[Dataset extract]
────────

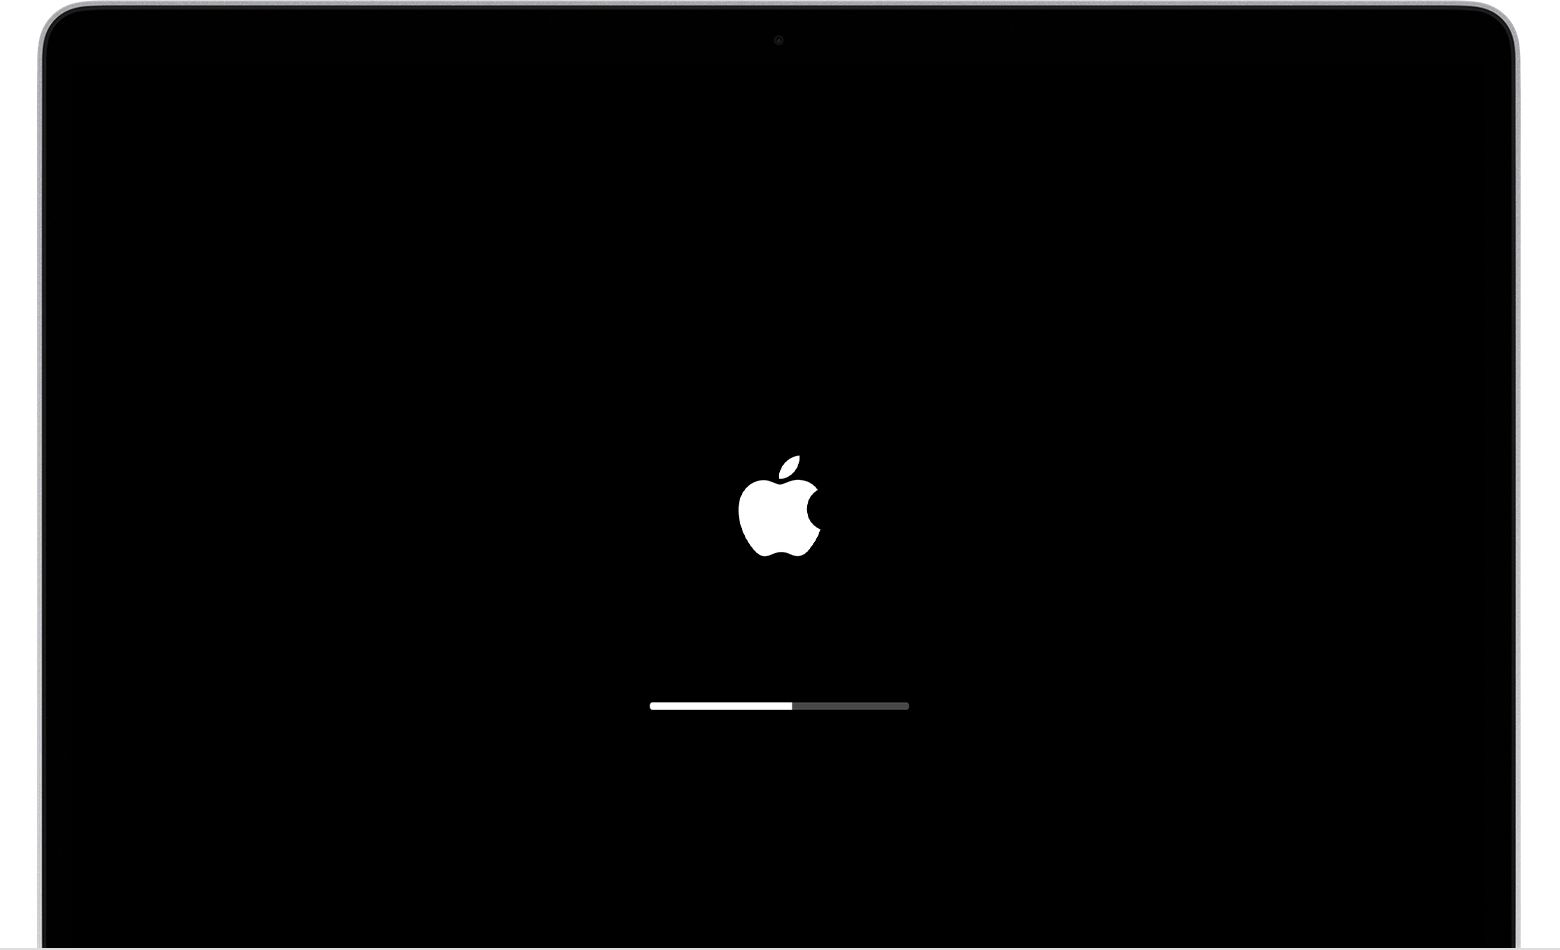 Shut down your MacBook Pro.
Turn it on and immediately press and hold the Shift key until you see the Apple logo or a progress indicator.
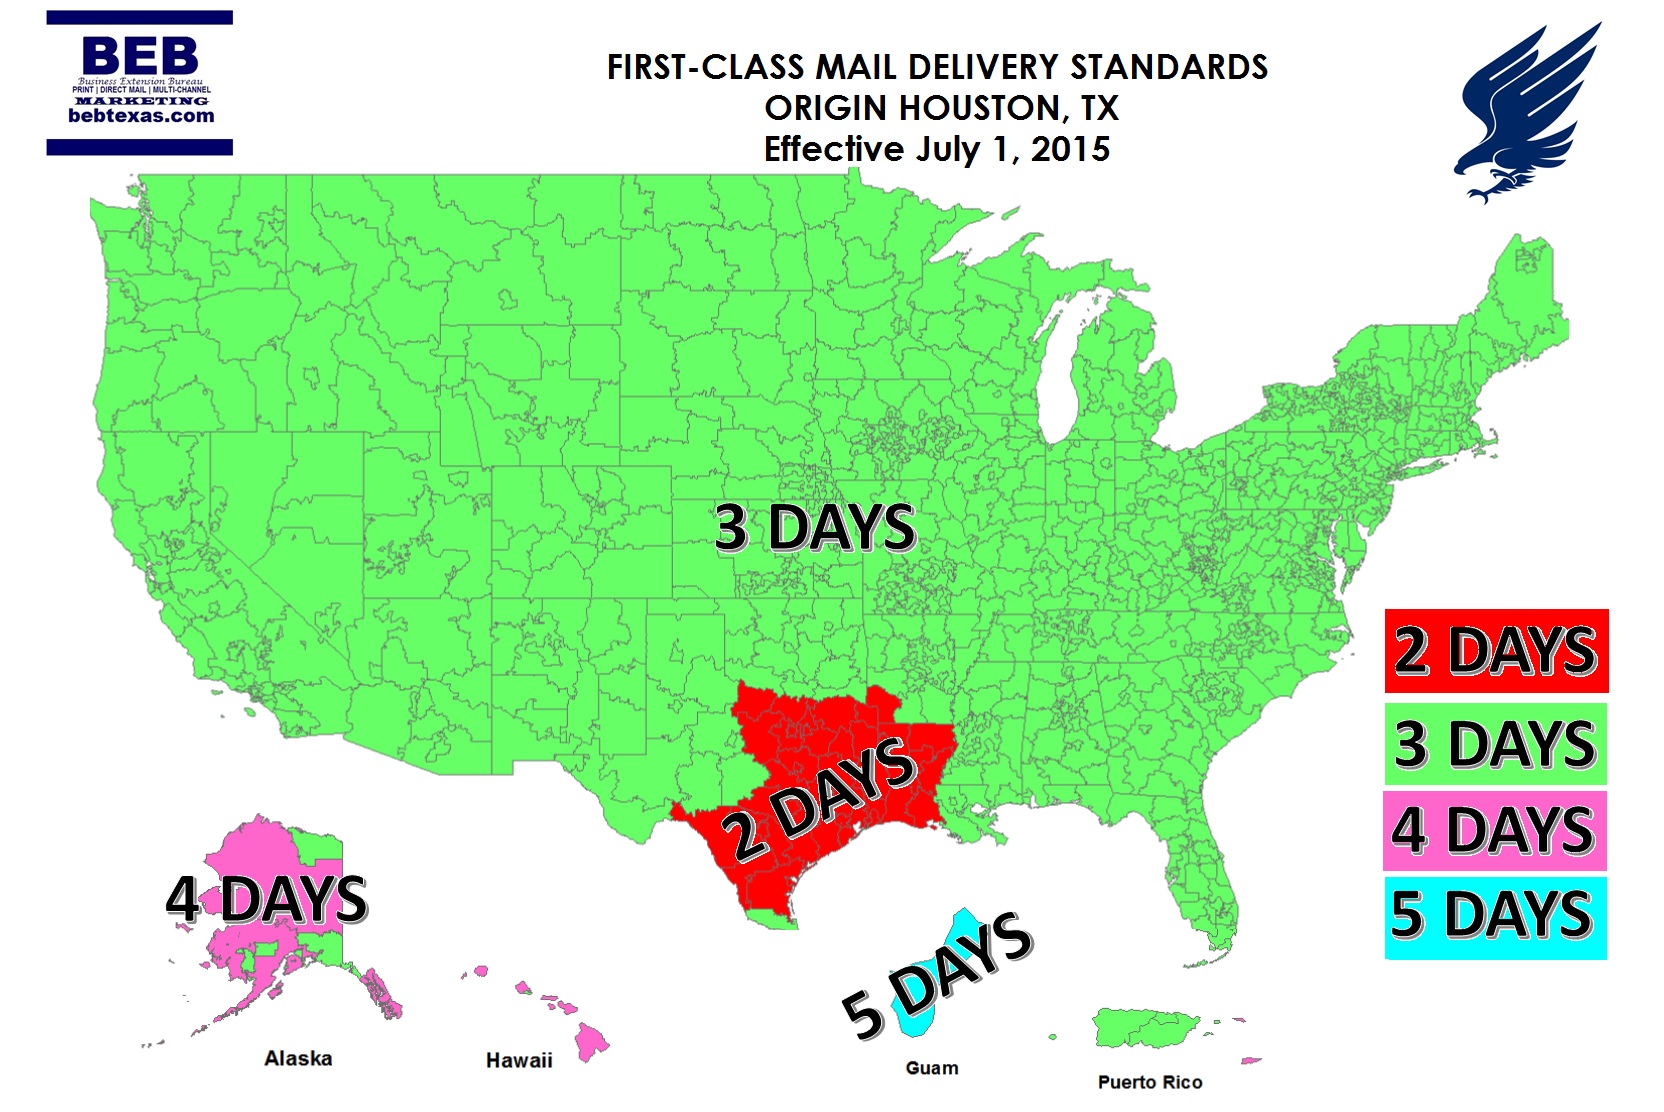 First Class Mail Delivery Standards Map effective July 1, 2015

────────

Skip the images and set down the rest of the data unchanged.

[Solution to this problem]
 Shut down your MacBook Pro.
Turn it on and immediately press and hold the Shift key until you see the Apple logo or a progress indicator.
 First Class Mail Delivery Standards Map effective July 1, 2015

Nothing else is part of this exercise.